Funny enough, black ops 2, a game from 2012, is still listed at full price at $60—or $100 if you want the DLC—online. On the other hand, the current black ops 6 only costs $70 and new content is free. Admittedly, 2 was a far better game in just about every regard from what I know. But the fact that a modern game is $30 cheaper than a 12 year old game is fucking insane. Activision is so bad with this shit.
This is because a lot of older games were going for an artistic style, the graphical fidelity of today’s games was too far out of reach. BioShock is a perfect example because of its beautiful art direction.
AAA games used to have character to them, now every person has to have 1200 individually rendered pores and a remaster every few years to make it look more realistic (cough cough The Last of Us)
This is because a lot of older games were going for an artistic style>
BioShock is a perfect example because of its beautiful art direction. >
I totally agree with you. Another good example is Alice: Madness Returns. Just booted it up for the first time yesterday and it looks so good, pleasing in a way.
Dude, not finishing the story and leaving us all on a cliffhanger for seventeen fucking years and then giving this as an excuse is the real cop out.
Looking back, I actually don’t like what Half-Life did to the genre. It didn’t push it forward; it made everything after a linear, set-piece experience with minimal replay value. It might have been different back in the day, but it wasn’t something I had hoped other developers clung to like they did.
:It doesn’t necessarily have to be open world as is currently used these days. The OG Doom isn’t exactly linear, but also isn’t open world in any sense. Remove the loading times between levels and it would be open world in the way that term was originally used. The desirable aspect of an open world, for me, has more to do with the continuity of the play space than how games calling themselves open world games are designed. Free to explore the map without it just being a series of hallways with only one actual path and maybe 1 dead end per fork where they stick a “secret” or treasure.
The OG Doom is fairly linear, unless you play on the lowest difficulty level where all doors are permanently open. Else you need to kill specific enemies that can only be found in certain rooms to get keys.
At this point, I’m aching desperately for that linear shooter. They have other strengths. Halo Infinite offered a ton more freedom than the old games, but it was worse off for it.
I think it was inevitable. Before HL2 we had Deus Ex. It was glorious. Fans loved it. Game devs looked at it and went “F*%@ that! We’re not making 3 games worth of content when you’re only going to see 1 on a given play through!”
So that defines the basic tension. Gamers love replay value and multiple paths and different character builds and tons of secrets to explore. Game devs on the other hand want players to see every little blade of grass and tree they worked so hard at placing in the game. I think they also have a lot of data from achievements that show most gamers barely finish the game once, let alone discover all the secrets and alternate endings etc.

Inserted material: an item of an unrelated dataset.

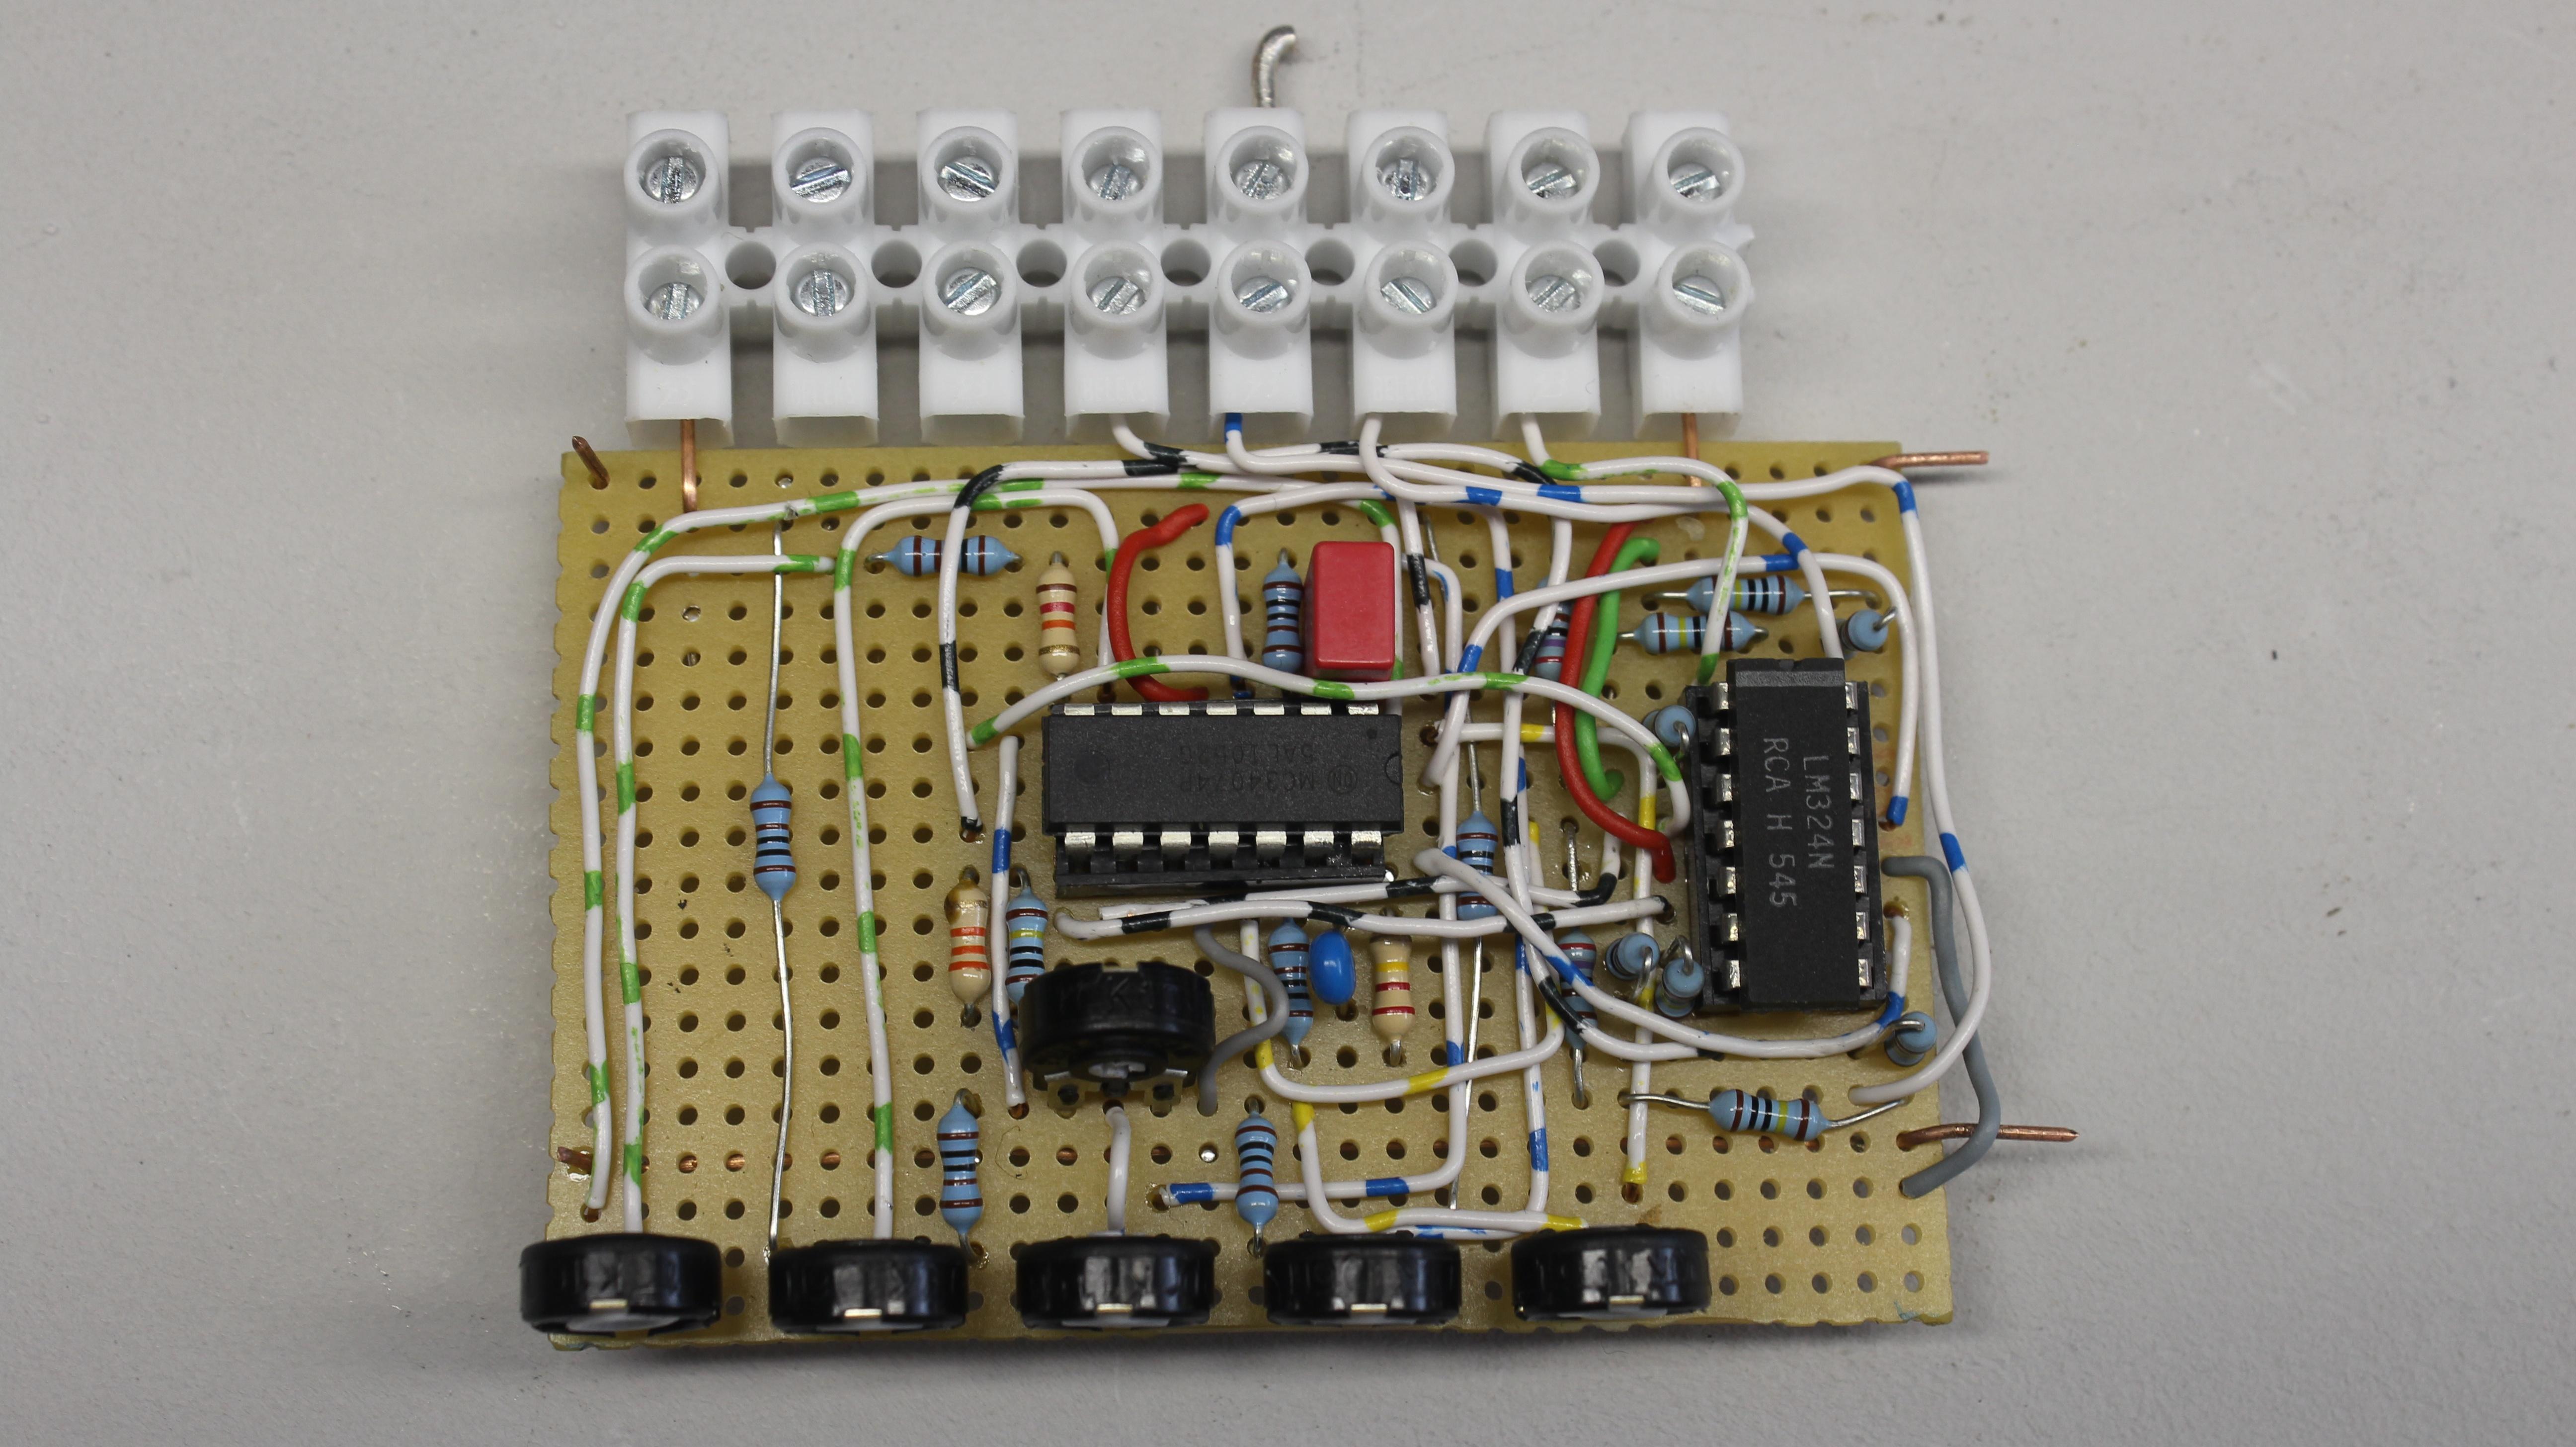 Mikrofon Girisli  lifikatorlu 4 Kanal Mikser as well 1n4732 Zener Diode 1w 4 7v likewise Laboratuar Guc Kaynagi 0 350 Volt 0 400ma Ayarli together with Op  4 likewise Low Noise  lifier For Gps Applications Using Bfp640 Sige Transistor L38174. on op amp circuits

I’ll just say as an aging gamer, I simply do not have time to grind or replay things. I could do that stuff in highschool, but not anymore.
Grinding especially is a no-go for me. 100% achievements? No chance in hell that’s happening.

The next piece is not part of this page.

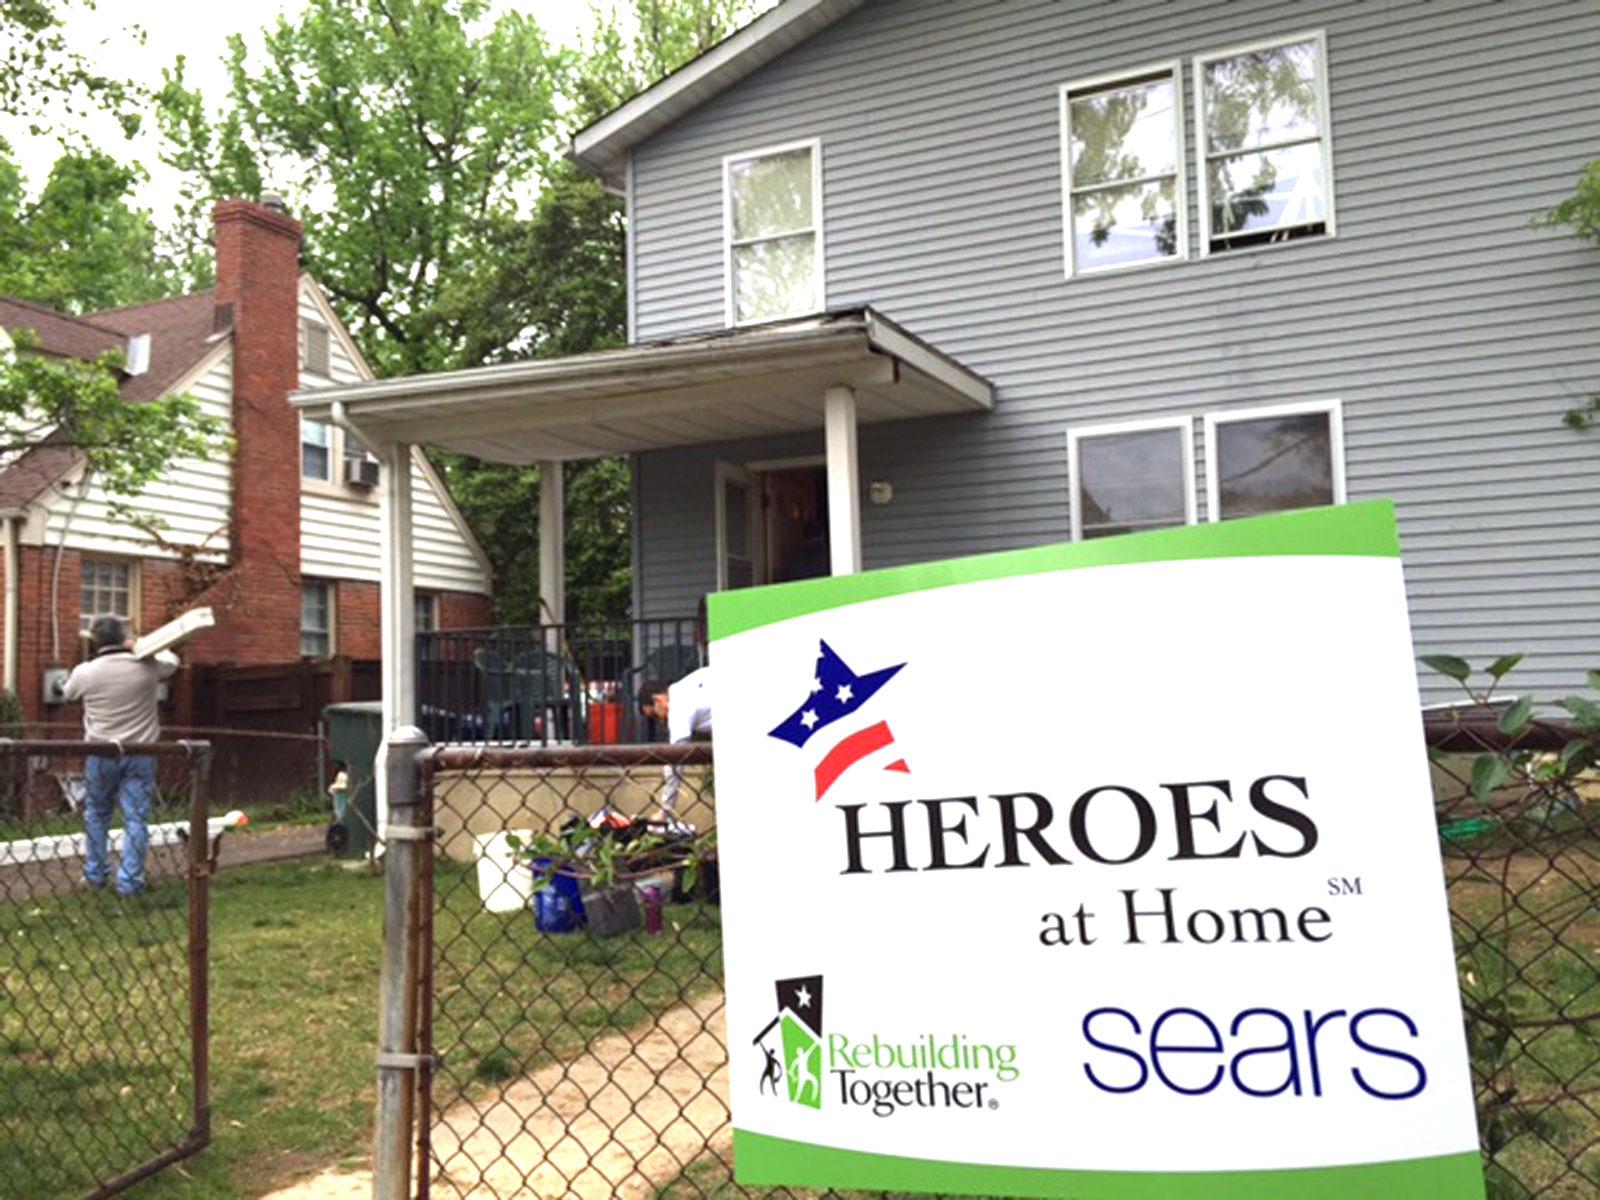 Hundreds in Alexandria, Va. make free home repairs for neighbors

Life moves too fast and there’s too much entertainment. Devs that think people have time to sit there and enjoy some obscure shit they hid, will be disappointed.

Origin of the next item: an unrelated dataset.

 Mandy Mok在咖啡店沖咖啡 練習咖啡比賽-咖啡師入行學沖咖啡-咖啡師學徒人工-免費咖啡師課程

That’s an interesting take! I’m getting to be an aging gamer myself and I no longer really play story-focused games. I play Roguelikes which I can pick up and drop any time, 5-10 minutes at a time, here and there. These games are designed to have maximum replay value. So even though I don’t have a lot of time I spend it on replaying rather than playing new games!
It’s an interesting difference and I think it depends on what we both look to get out of games.